The northern manufacturers also appealed to the Federal Government to provide targeted incentives and subsidies for industries during the transition period. According to them, cushioning measures such as tax reliefs, energy efficiency programs, and improved access to credit would help manufacturers adjust to the policy’s impact.
The policy has sparked diverse reactions across the country. While many industrialists and economists have applauded the initiative, some consumer groups and labour unions have criticized it, warning that it could worsen inflation and increase the cost of living. However, NMA leaders dismissed those fears, saying that sustaining local production was the only viable path to economic recovery and long-term price stability.
“The reality is that Nigeria cannot continue to import fuel at the expense of its industrial development. We must think beyond short-term discomfort and embrace policies that strengthen our productive capacity,” Ibrahim said.
Energy analysts have also noted that the tariff aligns with global best practices. Professor Emmanuel Ogbonna, an energy economist at the University of Jos, explained that countries with large domestic refining capabilities typically use tariffs and fiscal policies to protect local industries. “Tariffs are not punitive; they are protective. Nigeria is simply doing what other oil-producing nations have done to grow their downstream sector,” he said.
He added that as the Dangote Refinery and other modular refineries scale up production, the new tariff would help discourage fuel smuggling and stabilize supply across the country. “Once domestic refining meets local demand, prices will gradually normalize, and energy security will improve significantly,” Ogbonna said.
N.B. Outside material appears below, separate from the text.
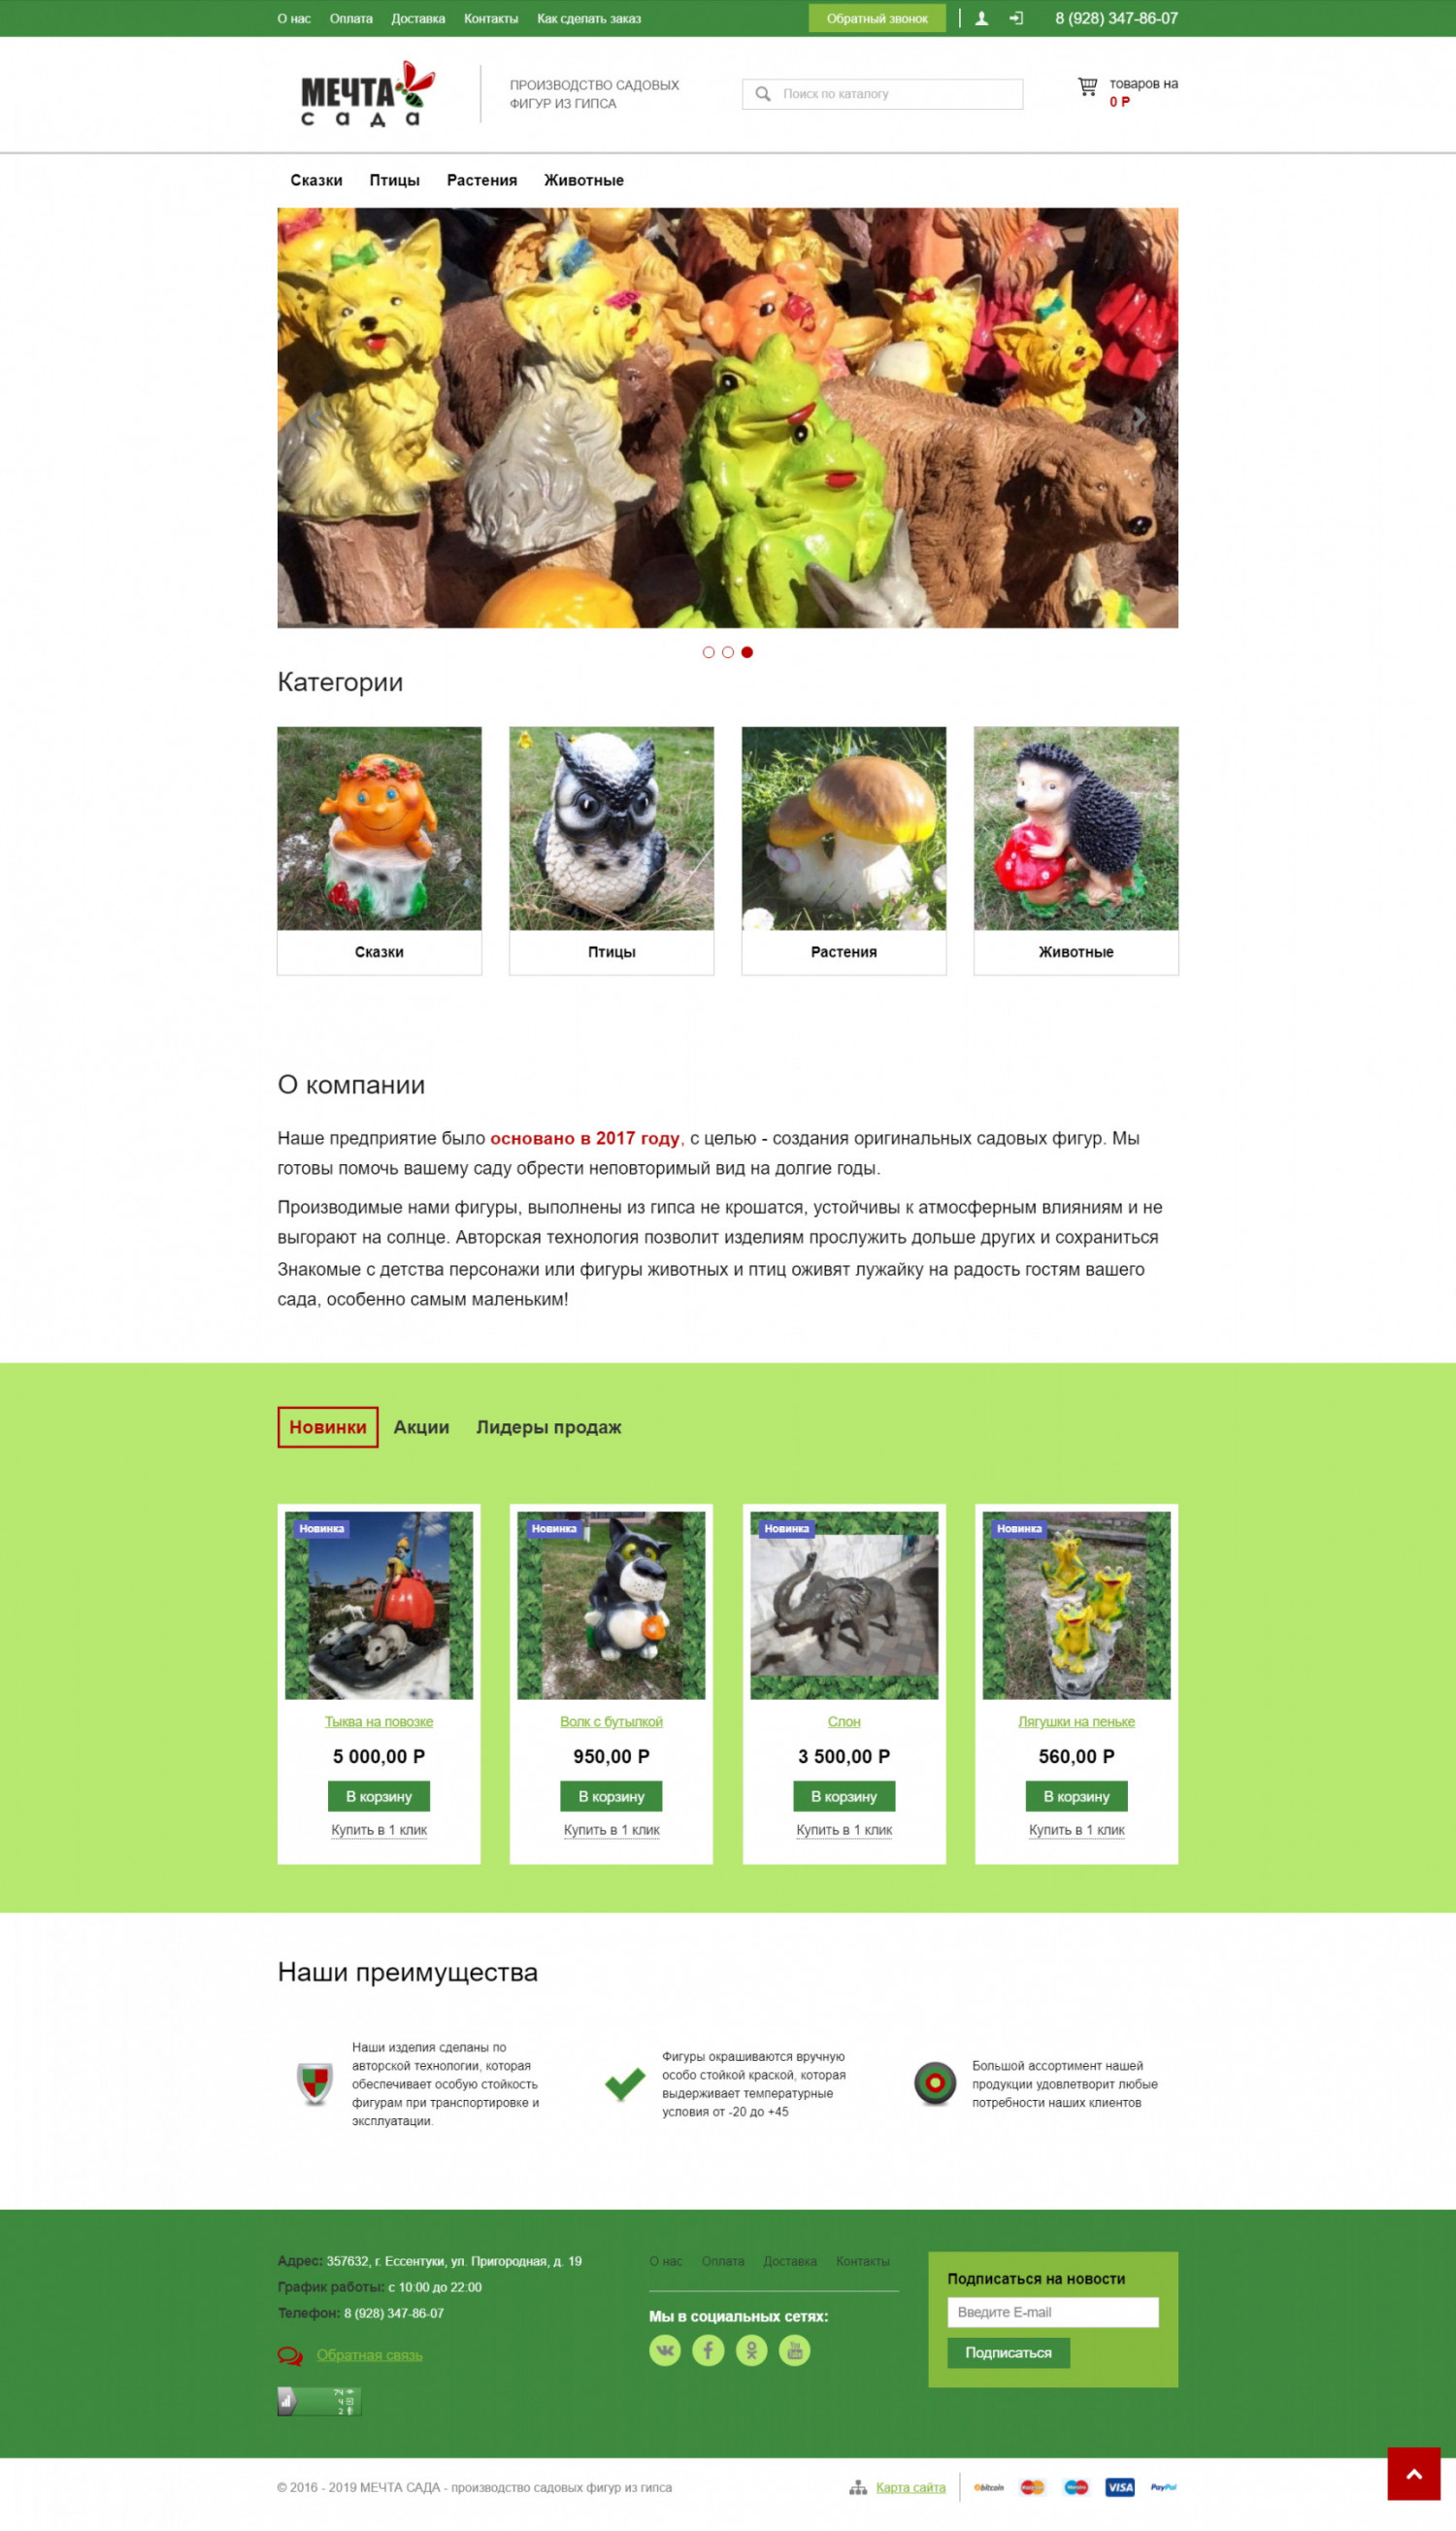 сайт интернет-магазина садовых фигур

In its response, the Federal Ministry of Finance reaffirmed that the 15 percent tariff policy is part of President Tinubu’s broader economic reform agenda aimed at repositioning Nigeria for sustainable growth. The ministry noted that the government is aware of the temporary economic strain the measure might cause but assured that it is working on mitigating strategies, including targeted social interventions for low-income earners and vulnerable households.
“The ultimate goal is to ensure energy self-sufficiency and reduce dependence on imported products that drain the nation’s resources. The tariff will help protect local investment while boosting job creation,” a senior ministry official stated.
The government’s decision comes amid renewed optimism about Nigeria’s refining future. With the Port Harcourt Refinery nearing full rehabilitation and private sector projects like BUA Refinery and Dangi Energy Refinery underway, the administration believes the country is on the verge of ending its decades-long reliance on imported petroleum products.
Manufacturers across Northern Nigeria expressed hope that the policy would also help address logistics and power challenges that have crippled industrial growth for years. “Stable fuel availability is key to reviving northern industries. If local refineries function optimally, we will not only create jobs but also enhance productivity across sectors,” said Aisha Suleiman, Managing Director of a Kano-based manufacturing firm.
The NMA concluded its statement by urging all stakeholders—including fuel marketers, regulators, and investors—to align with the new direction of the Nigerian economy. “It is time for national commitment to self-reliance. This tariff is not just a fiscal policy; it is a patriotic call to rebuild Nigeria’s industrial base,” Ibrahim said.